The film is very polarizing, though it shouldn’t be. It should be celebrated for its successes and still explored for its deplorable failures. Both the successes and failures of the film had an influence in helping to spark the Black Power movement that eventually followed. It’s important to place the film in a particular time that it was created. A film of 1958 it was just a few years after the Montgomery bus boycotts, in the prime of the Civil Rights movement. Many film critics argue that this film was able to pave the way for other more three-dimensional examinations of ethnic relations in the American experience. Nominated for nine Oscars, the reception was largely warm, as the work received nods for being avant-garde and well executed.

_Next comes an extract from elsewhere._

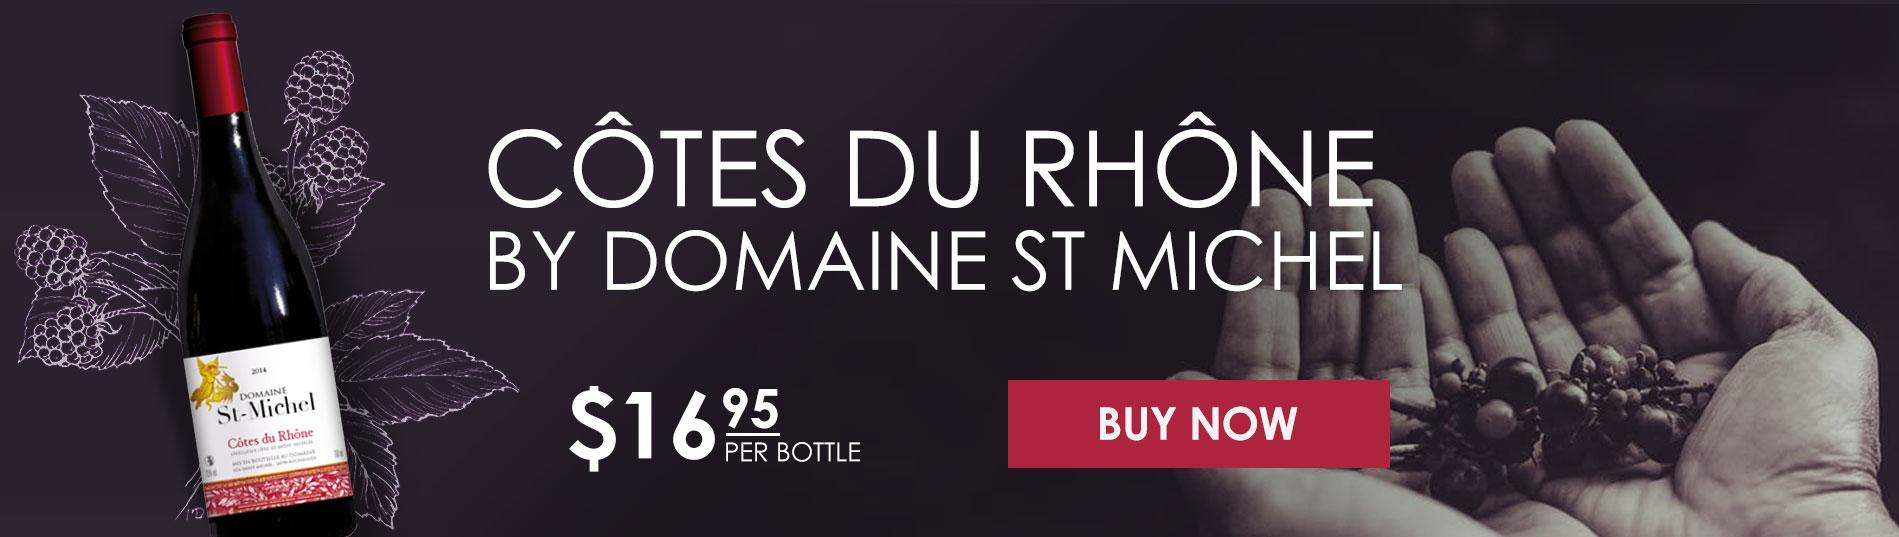 CÔTES DU RHÔNE BY DOMAINE ST MICHEL 2015

However, as James Baldwin notably illuminates in his essay “The Devil Finds Work” the problems of the film are invasive and originate at its core. As a buddy film, it is unable to accurately capture the real relationship between the two races. This is because it represents a profound misunderstanding of the nature of the hatred between black and white (Baldwin, 524). Baldwin acknowledges that there is hatred between black and white that is portrayed in the film, but it’s misrepresented via a lack of understanding. When it comes to this resentment between the races, “…the hatred is not equal on both sides for it does not have the same roots. This is perhaps, a very subtle argument, but black men do not have the same reason to hate white men as white men have to hate blacks. The root of the white man’s hatred is terror, a bottomless and nameless terror, which focuses on the black, surfacing, and concentrating on this dread figure, an entity which lives only in his mind. But the root of the black man’s hatred is rage, and he does not so much hate white men as simply want them out of his way, and more than that, out of his children’s way” (Baldwin, 525). Baldwin here is able to expressly pinpoint the problem of the film: it was written by a white screenwriter who had a generally myopic view of race relations. Nedrick Young, the screenwriter, clearly didn’t possess enough self-awareness about the white man’s fear of black men. Likewise, there’s a lack of understanding of what an average white man symbolizes to an average black man: an obstacle. A force that needs to be removed from the path as it blocks the way forward.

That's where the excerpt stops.